Fully explain your ideas

To get an excellent score in the IELTS Task 2 writing section, one of the easiest and most effective tips is structuring your writing in the most solid format. A great argument essay structure may be divided to four paragraphs, in which comprises of four sentences (excluding the conclusion paragraph, which comprises of three sentences).

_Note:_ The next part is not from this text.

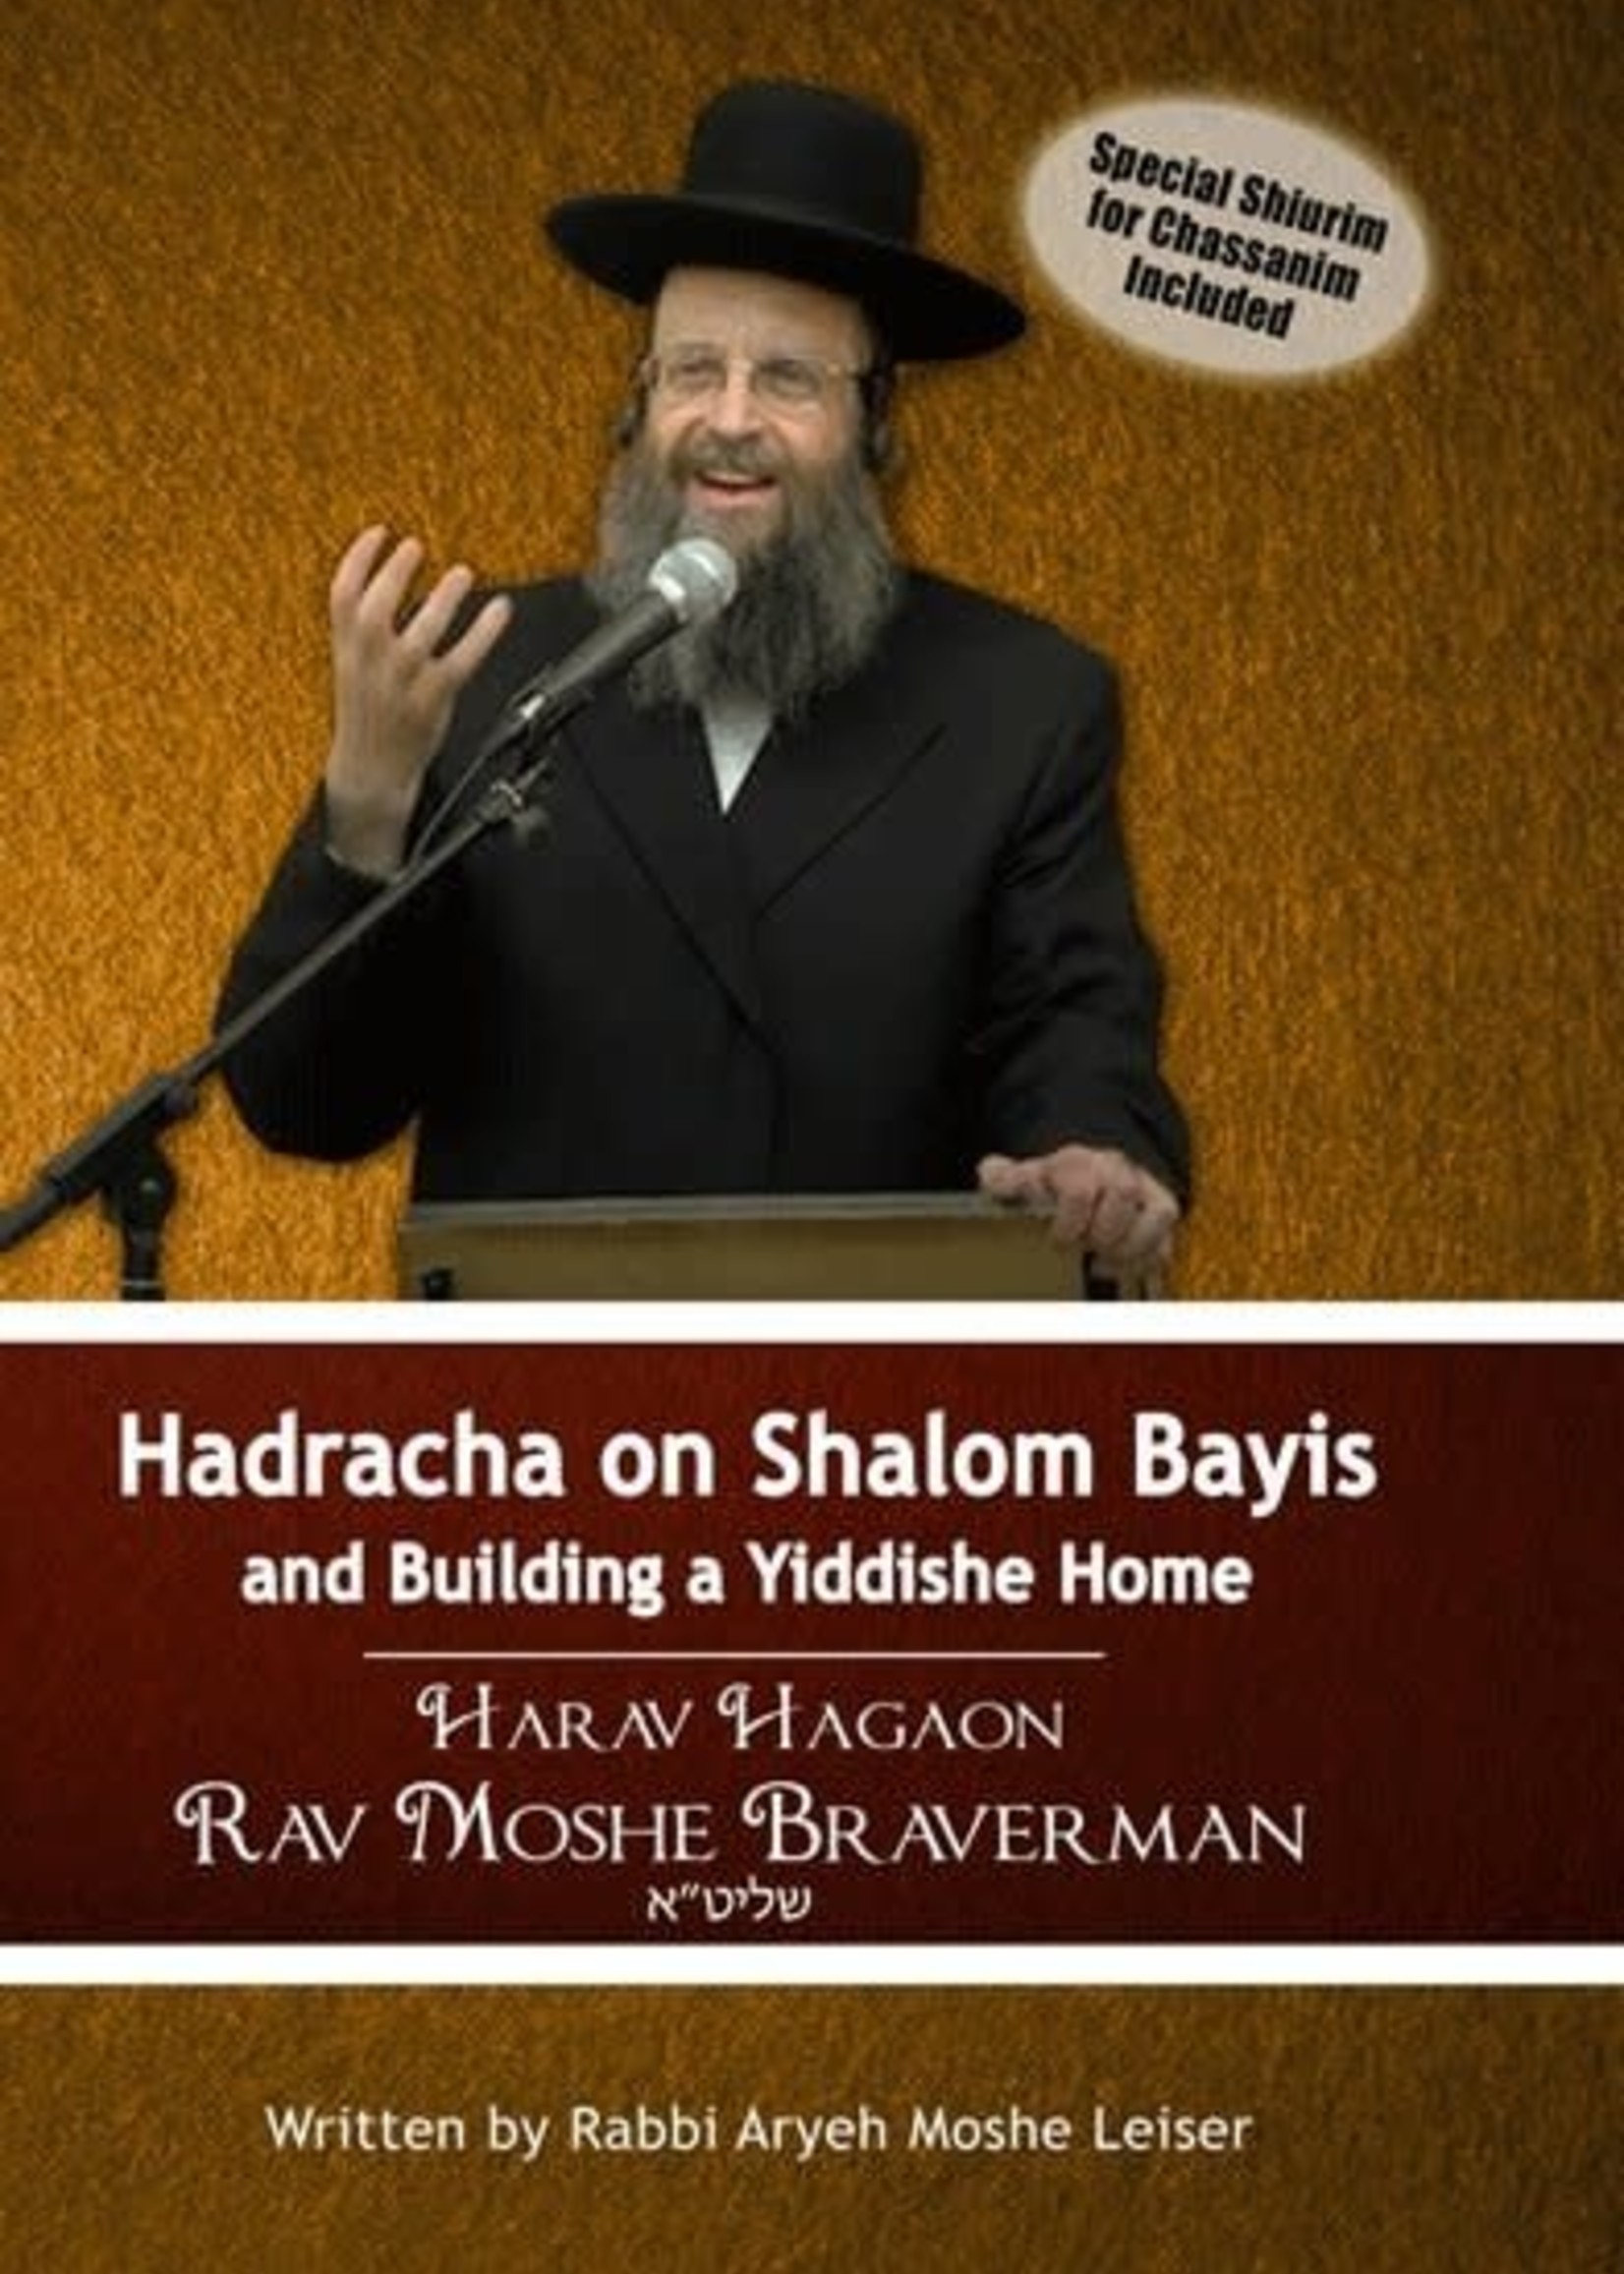 Hadracha on Shalom Bayis and Building a Yiddishe Home (Rav Moshe Braverman)

For we to consider an essay structure a great one, it should be looking like this:

  • Paragraph 1 - Introduction
    • Sentence 1 - Background statement
    • Sentence 2 - Detailed background statement
    • Sentence 3 - Thesis
    • Sentence 4 - Outline sentence
  • Paragraph 2 - First supporting paragraph
    • Sentence 1 - Topic sentence
    • Sentence 2 - Example
    • Sentence 3 - Discussion
    • Sentence 4 - Conclusion
  • Paragraph 3 - Second supporting paragraph
    • Sentence 1 - Topic sentence
    • Sentence 2 - Example
    • Sentence 3 - Discussion
    • Sentence 4 - Conclusion
  • Paragraph 4 - Conclusion
    • Sentence 1 - Summary
    • Sentence 2 - Restatement of thesis
    • Sentence 3 - Prediction or recommendation

Our recommended essay structure above comprises of fifteen (15) sentences, which will make your essay approximately 250 to 275 words.